Enriched populations of MDSC and hematopoietic progenitor cells were isolated from bone marrow. To maintain MDSC in cultures and induce differentiation of myeloid precursors into MDSC, cells were cultured with a high-concentration of GM-CSF alone as described by Rössner et al. (2005), GM-CSF combined with IL-6 as described in Rössner et al. (2005) and Zhou et al. (2010), or ret melanoma cell line-conditioned medium. Flow cytometry analysis of cells expressing Gr-1 and CD11b and sub-type marker Ly6C was performed on Day 5 to confirm the phenotypic appearance of MDSC in cultures. No marked differences in the percentage of Gr-1+CD11b+ MDSC in cultures supplemented with GM-CSF alone vs [GM-CSF + IL-6] vs [GM-CSF + tumor-conditioned medium] were detected. Gr-1+CD11b+ MDSC represented typically 45–60% of cells (Figure 1a).

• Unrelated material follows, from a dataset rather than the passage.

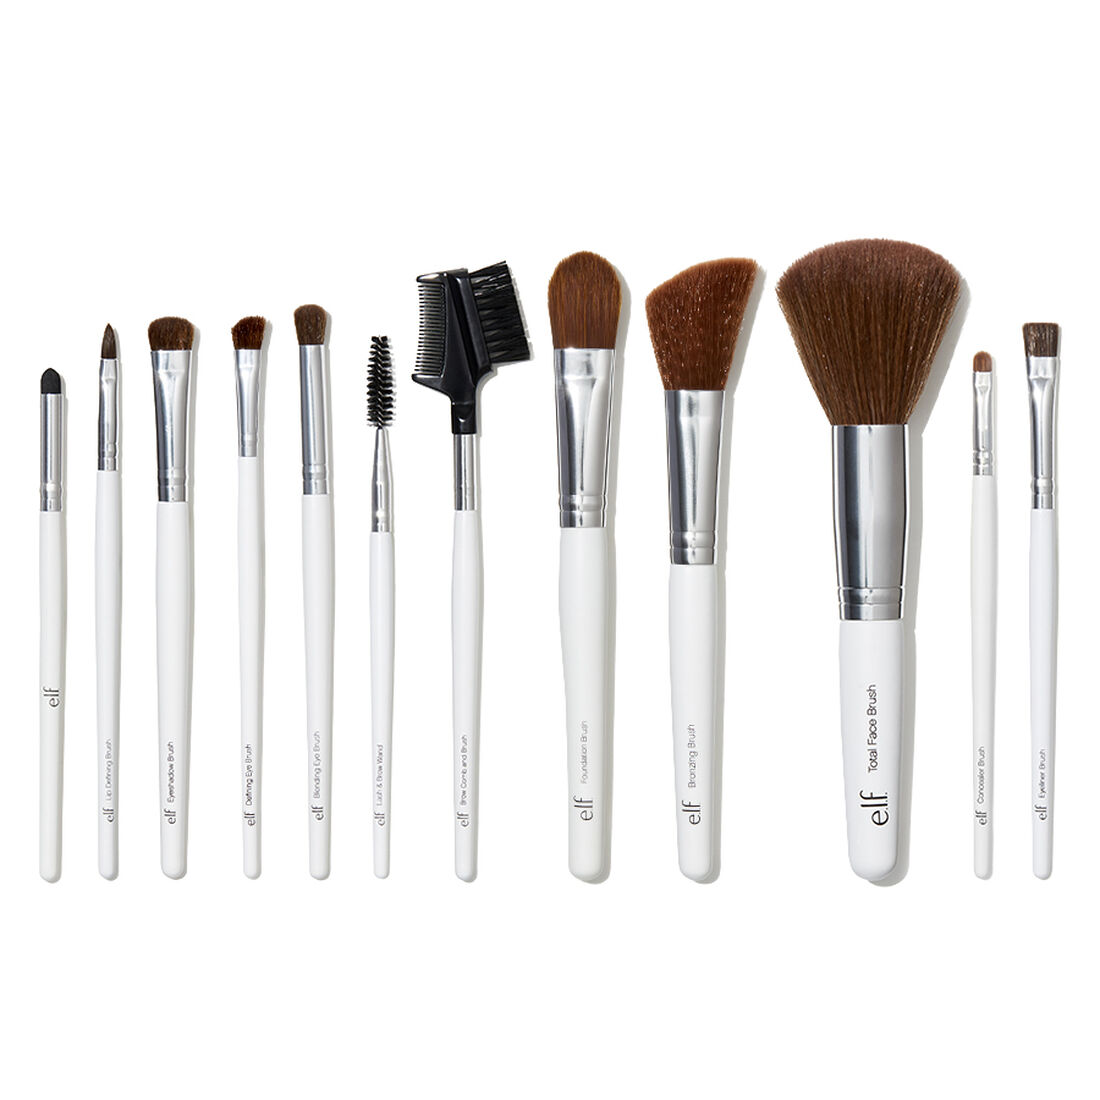 ELF Cosmetics - Professional Set of 12 Brushes

Both monocytic LY6Chigh and granulocytic LY6Clow sub-populations of MDSC were observed in these culture conditions (Figures 1b and 1c). Therefore, experiments focusing on the effect of paclitaxel on MDSC were carried out with MDSC prepared with the bone marrow-derived cells cultured with GM-CSF alone.

Figure 1.

Figure 1

Phenotype of ex vivo generated MDSC. MDSC were cultured for 5 days and stained for (a) CD11b, Gr-1, and (b and c) a sub-type marker Ly6C, as described in the Materials and methods. Data from one representative staining are shown. Similar results were obtained in five independent experiments.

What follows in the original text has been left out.